【R18】 Begin Again【安室透/降谷零】
第7章 君との距離
安室さんと暮らし始めて3週間目が経過しようとしていた。
あのキスの夜が明けて、目が覚めたら安室さんは何事もなかったかのように朝ごはんを作ってた。
卵、目玉焼きにしますか?スクランブルエッグにしますか?
なんて、そんな取り留めのない話をして、わたしが聞きたいことは聞かせてくれなかった。
そしてしばらく経ったけど、特に何もない。
キスもあれ以来していないし、なんなら安室さんはわたしに触れるのを意識的に避けているようにも思える。
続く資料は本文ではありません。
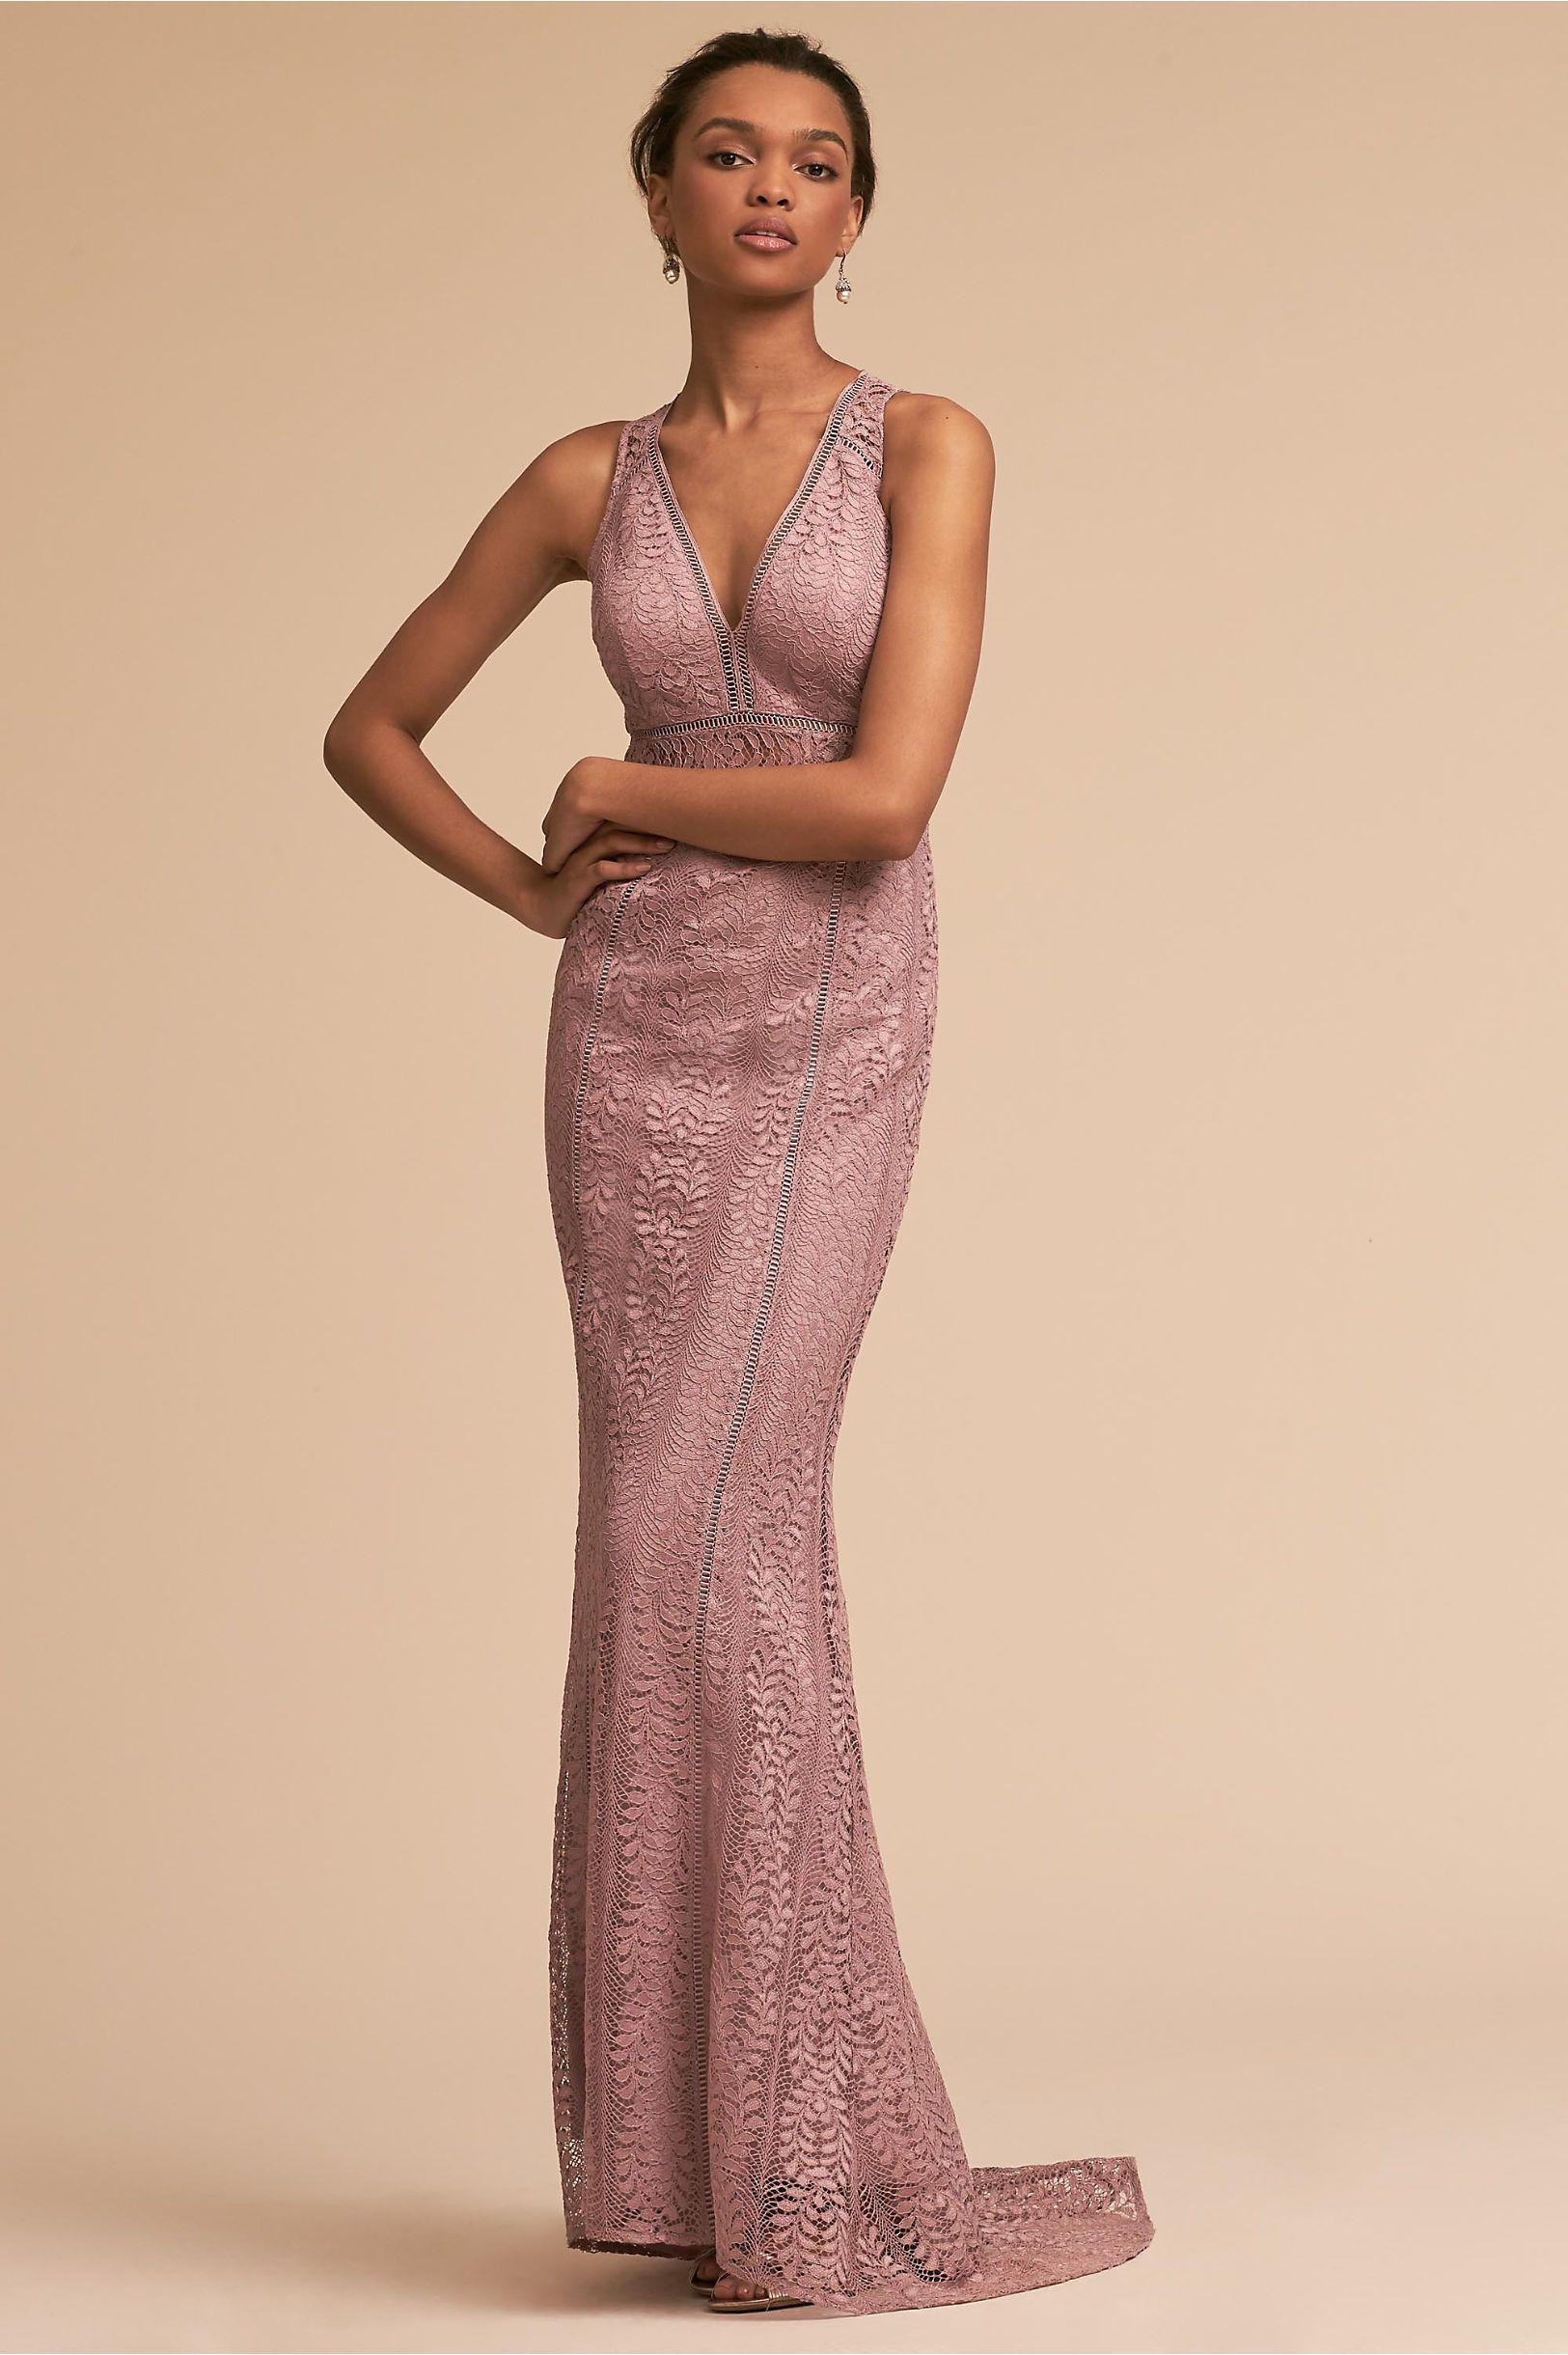 100 dollar wedding dress  BHLDNus Connor Dress in Mauve  Mauve Bridal parties and Wedding dress

なによ…あんな風にキスして、わたしの思考全部かっさらっておいて、今更距離取らないでよ…
今日も、朝起きてヨーグルトとアサイーボウルを食べながらじっと安室さんを見てそう思った。
安室さんは、わたしのことどう思ってるの?
そう聞きたいのに、聞けない。
「今日は、武道館ですね」
「うん!安室さんも、バックステージに入れるように山岸さんが手配してくれてるよ」
「では、しっかり警護させていただきます」
警護…
そうだよね。
安室さんは、毛利探偵の指示でわたしの警護をしてくれているだけ。
あのキスも、きっと深い意味なんてない。
「リラ…リラ??」
「えっ!なに??」
「…いや、食べ終わったなら、片付けようと…」
「あ、あぁ。ごめん。はい」
慌てて安室さんにボウルを手渡そうとした時、ふ…と安室さんの指に手が触れた。
その瞬間、安室さんはパッと手を離して言う。
「車で送って行きますから、準備出来たら声をかけてください」
「う、うん…」
離された手が、寂しくて思わず俯いてしまう。
ほら、やっぱりあのキスに深い意味なんてないよ…
ライブの前なのに、気持ちが沈む。
はぁ…とため息をついた後、わたしは出かける準備をするために荷造りを始めた。